Dataset excerpt below:
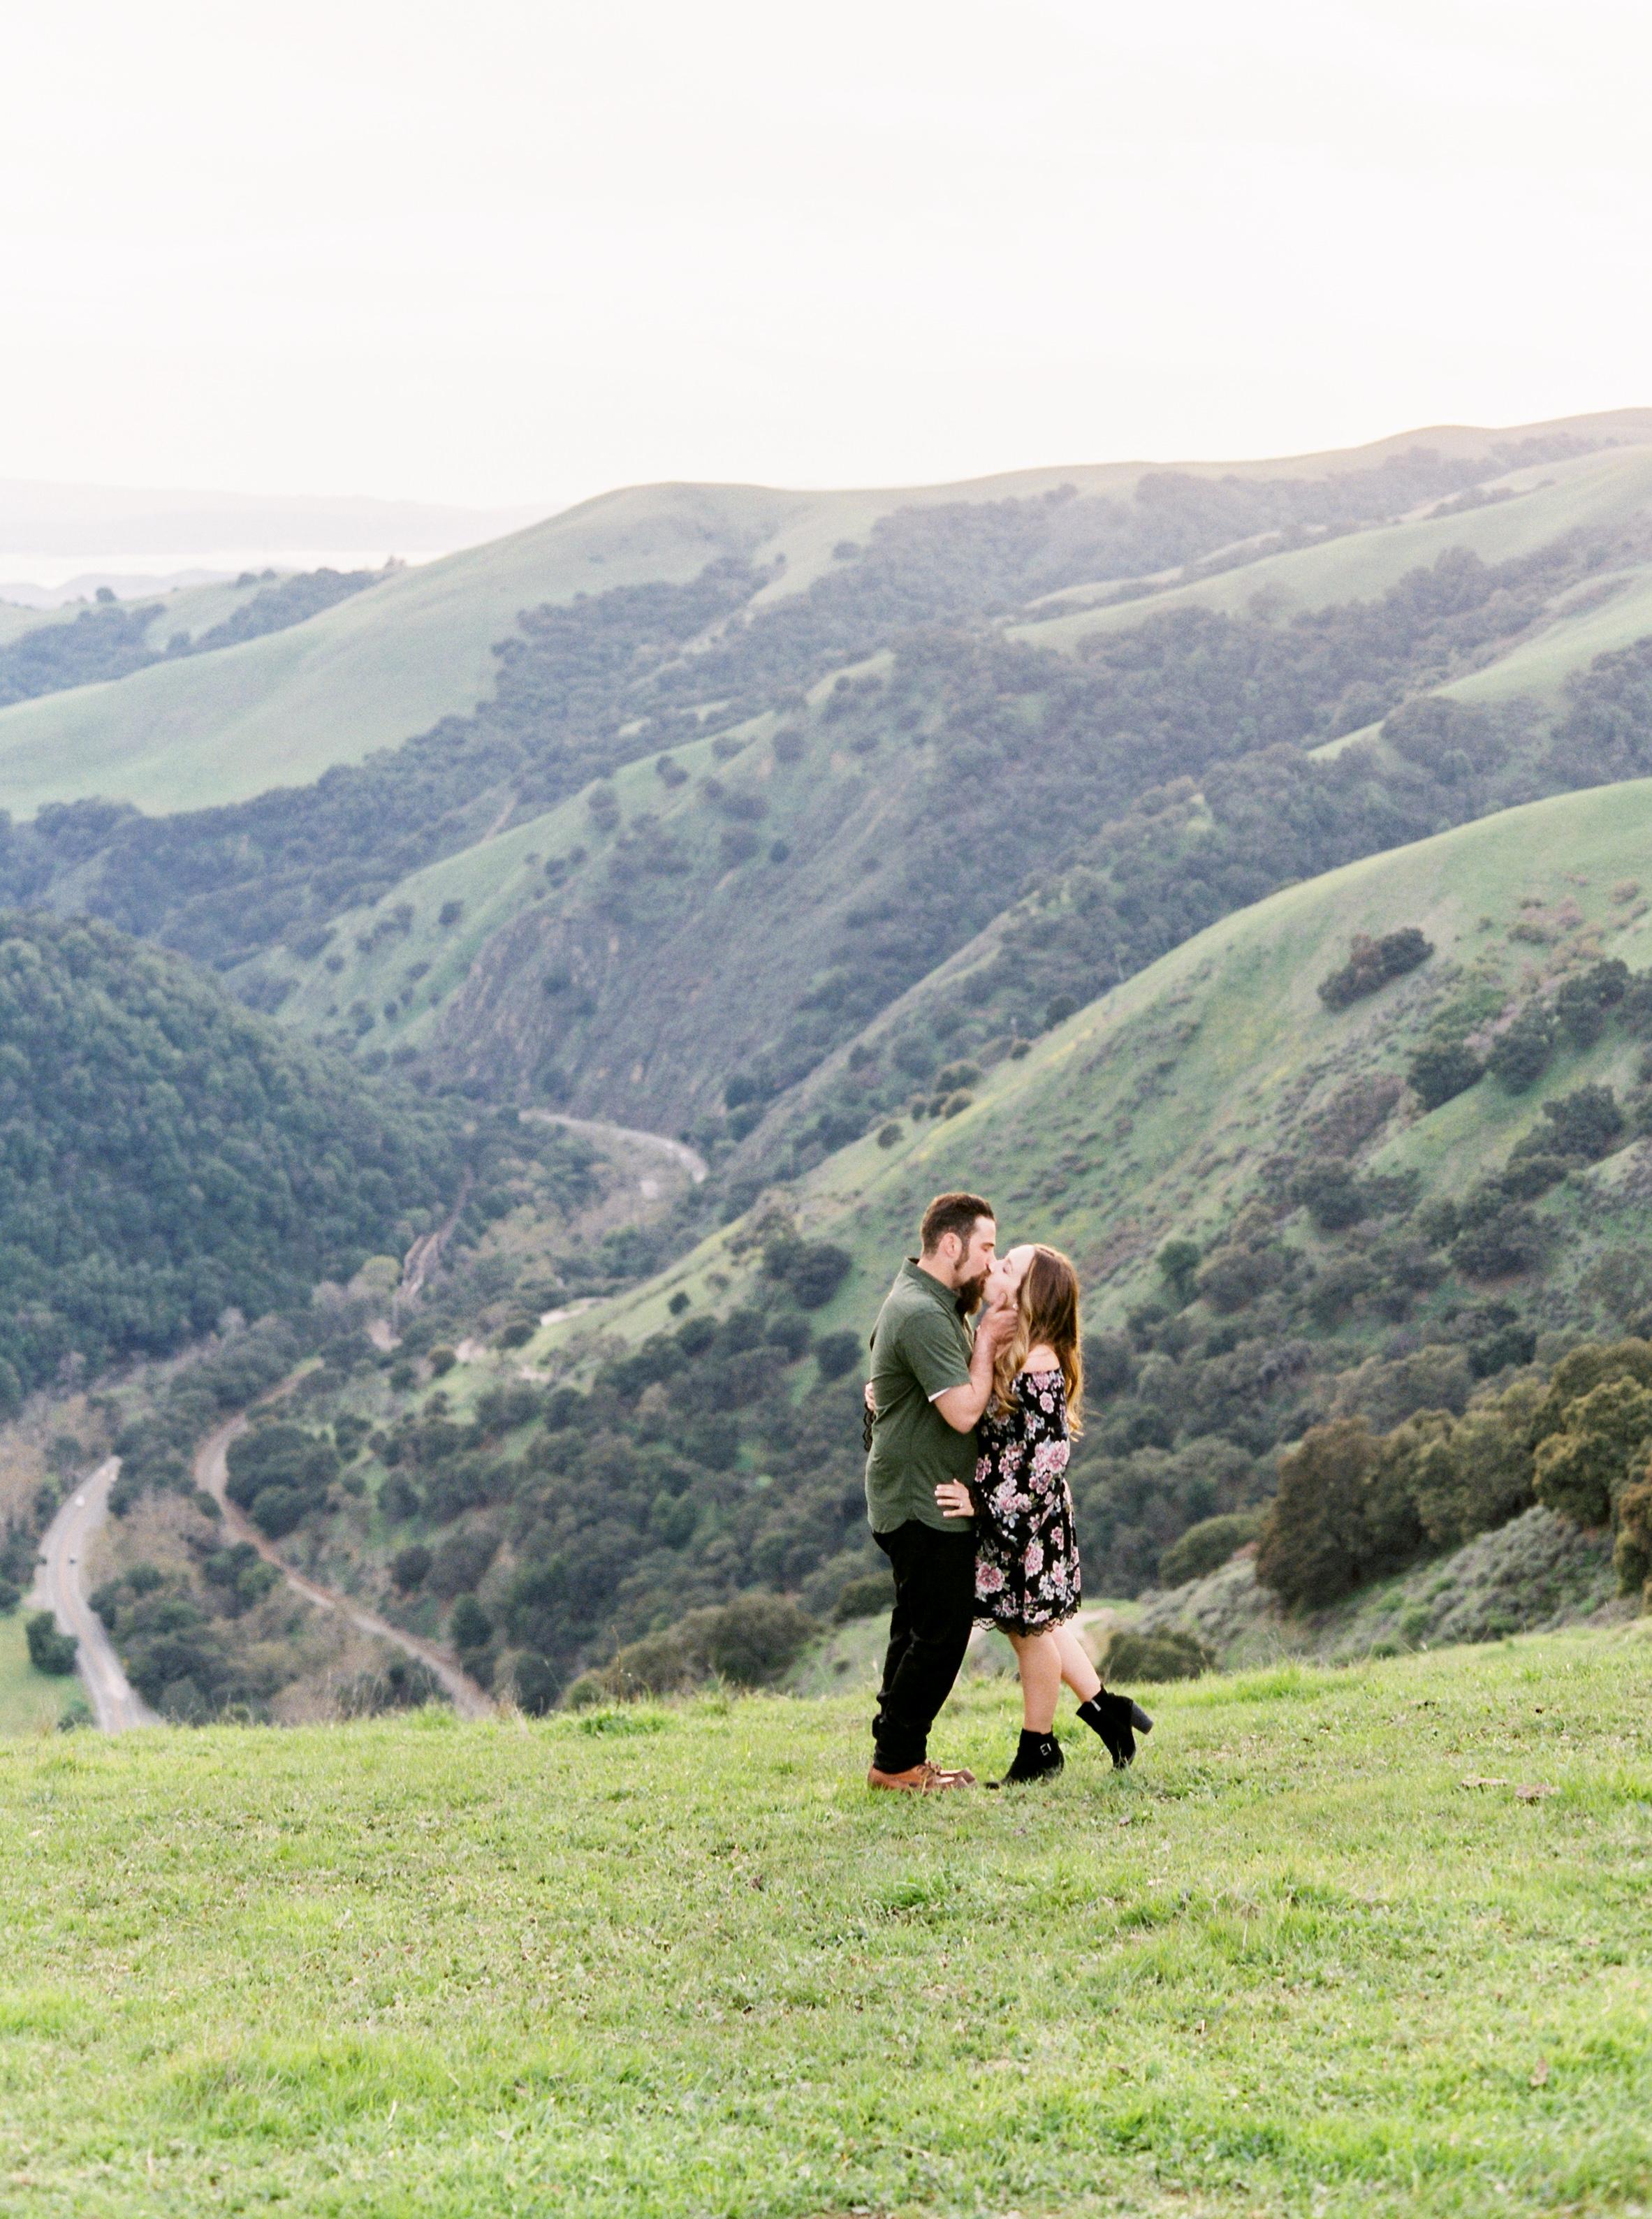 Sunol California Engagement Shoot - Kristine Herman Photography-20.jpg
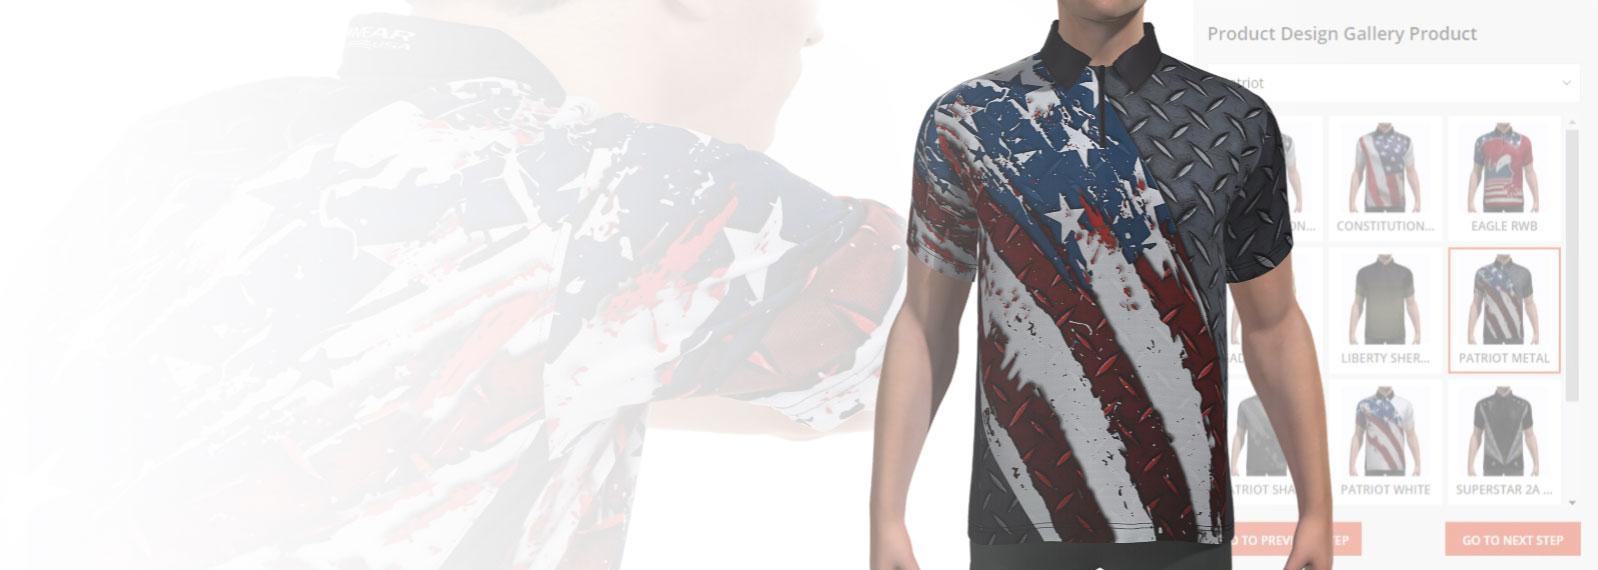 0f4761f7 WELCOME TO TECHWEAR USA NEW Custom Product Designer Customize your favorite  TechWearUSA gear using our new Product Designer Featuring Camo & Patriotic  ...
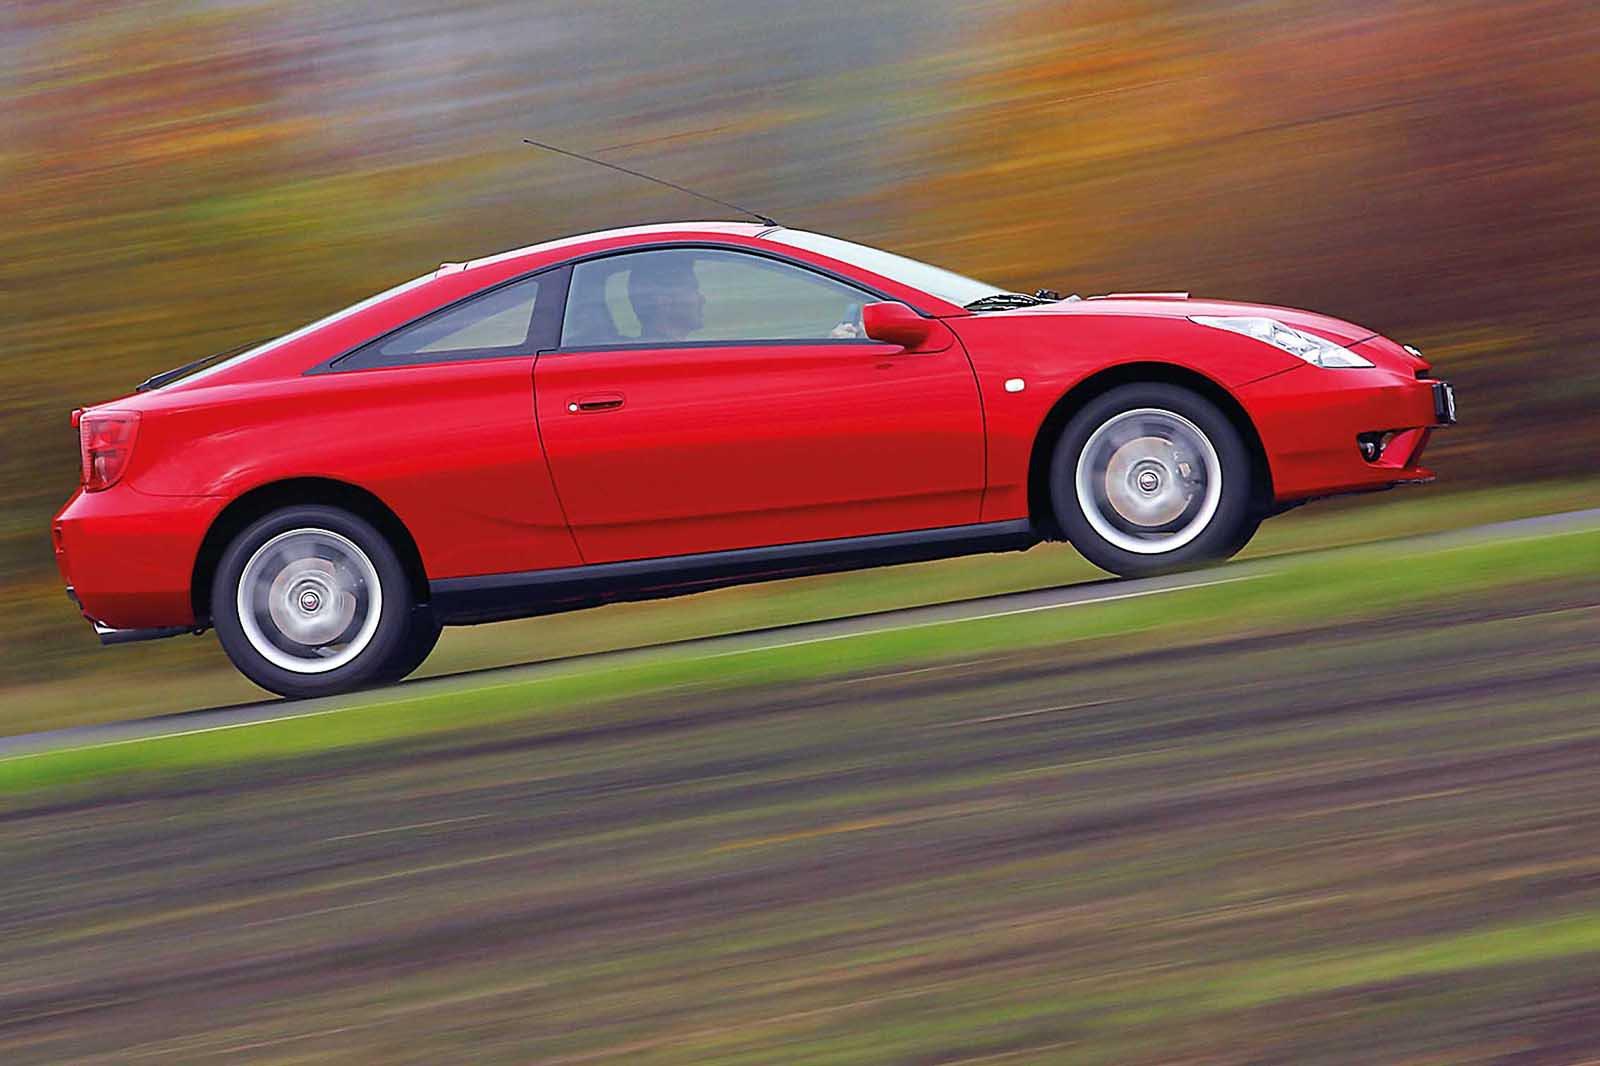 Toyota Celica side shot
End of Dataset excerpt.
Exercise requirements
When you reach an image, pass over it, and retype all other material exactly.

Your response
 Sunol California Engagement Shoot - Kristine Herman Photography-20.jpg
 0f4761f7 WELCOME TO TECHWEAR USA NEW Custom Product Designer Customize your favorite  TechWearUSA gear using our new Product Designer Featuring Camo & Patriotic  ...
 Toyota Celica side shot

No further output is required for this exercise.